Signed-off-by: Tejun Heo <tj@kernel.org>
The percpu memory allocator is experiencing scalability issues when
allocating and freeing large numbers of counters as in BPF.
Additionally, there is a corner case where iteration is triggered over
all chunks if the contig_hint is the right size, but wrong alignment.
This patch replaces the area map allocator with a basic bitmap allocator
implementation. Each subsequent patch will introduce new features and
replace full scanning functions with faster non-scanning options when
possible.
Implementation:
This patchset removes the area map allocator in favor of a bitmap
allocator backed by metadata blocks. The primary goal is to provide
consistency in performance and memory footprint with a focus on small
allocations (< 64 bytes). The bitmap removes the heavy memmove from the
freeing critical path and provides a consistent memory footprint. The
metadata blocks provide a bound on the amount of scanning required by
maintaining a set of hints.
In an effort to make freeing fast, the metadata is updated on the free
path if the new free area makes a page free, a block free, or spans
across blocks. This causes the chunk's contig hint to potentially be
smaller than what it could allocate by up to the smaller of a page or a
block. If the chunk's contig hint is contained within a block, a check
occurs and the hint is kept accurate. Metadata is always kept accurate
on allocation, so there will not be a situation where a chunk has a
later contig hint than available.
Evaluation:
I have primarily done testing against a simple workload of allocation of
1 million objects (2^20) of varying size. Deallocation was done by in
order, alternating, and in reverse. These numbers were collected after
rebasing ontop of a80099a152. I present the worst-case numbers here:
Area Map Allocator:
Object Size | Alloc Time (ms) | Free Time (ms)
----------------------------------------------
4B | 310 | 4770
16B | 557 | 1325
64B | 436 | 273
256B | 776 | 131
1024B | 3280 | 122
Bitmap Allocator:
Object Size | Alloc Time (ms) | Free Time (ms)

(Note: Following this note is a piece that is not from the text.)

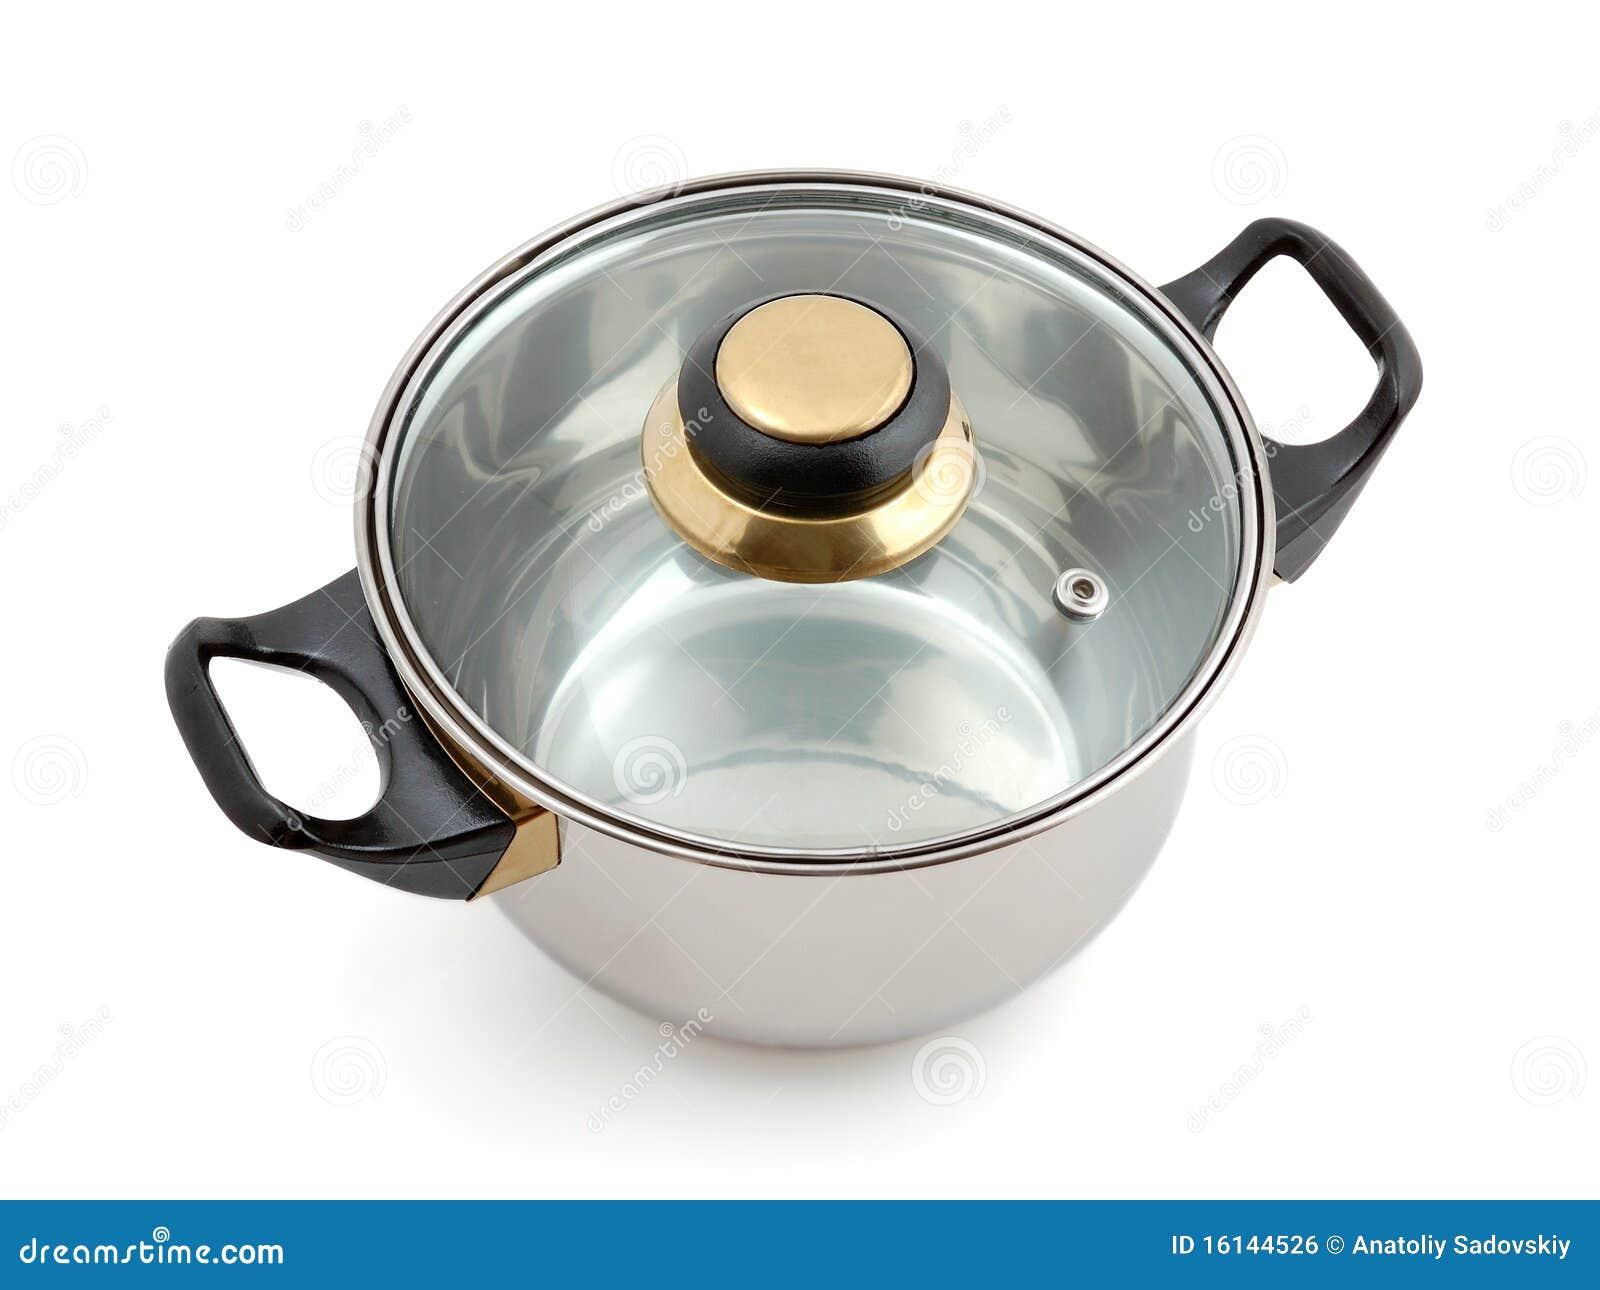 Metaal pan met deksel

----------------------------------------------
4B | 490 | 70
16B | 515 | 75
64B | 610 | 80
256B | 950 | 100
1024B | 3520 | 200
This data demonstrates the inability for the area map allocator to
handle less than ideal situations. In the best case of reverse
deallocation, the area map allocator was able to perform within range
of the bitmap allocator. In the worst case situation, freeing took
nearly 5 seconds for 1 million 4-byte objects. The bitmap allocator
dramatically improves the consistency of the free path. The small
allocations performed nearly identical regardless of the freeing
pattern.
While it does add to the allocation latency, the allocation scenario
here is optimal for the area map allocator. The area map allocator runs
into trouble when it is allocating in chunks where the latter half is
full. It is difficult to replicate this, so I present a variant where
the pages are second half filled. Freeing was done sequentially. Below
are the numbers for this scenario:
Area Map Allocator:
Object Size | Alloc Time (ms) | Free Time (ms)
----------------------------------------------
4B | 4118 | 4892
16B | 1651 | 1163
64B | 598 | 285
256B | 771 | 158
1024B | 3034 | 160
Bitmap Allocator:
Object Size | Alloc Time (ms) | Free Time (ms)
----------------------------------------------
4B | 481 | 67
16B | 506 | 69
64B | 636 | 75
256B | 892 | 90
1024B | 3262 | 147
The data shows a parabolic curve of performance for the area map
allocator. This is due to the memmove operation being the dominant cost
with the lower object sizes as more objects are packed in a chunk and at
higher object sizes, the traversal of the chunk slots is the dominating
cost. The bitmap allocator suffers this problem as well. The above data
shows the inability to scale for the allocation path with the area map
allocator and that the bitmap allocator demonstrates consistent
performance in general.
The second problem of additional scanning can result in the area map
allocator completing in 52 minutes when trying to allocate 1 million
4-byte objects with 8-byte alignment. The same workload takes
approximately 16 seconds to complete for the bitmap allocator.
V2:
Fixed a bug in pcpu_alloc_first_chunk end_offset was setting the bitmap
using bytes instead of bits.
Added a comment to pcpu_cnt_pop_pages to explain bitmap_weight.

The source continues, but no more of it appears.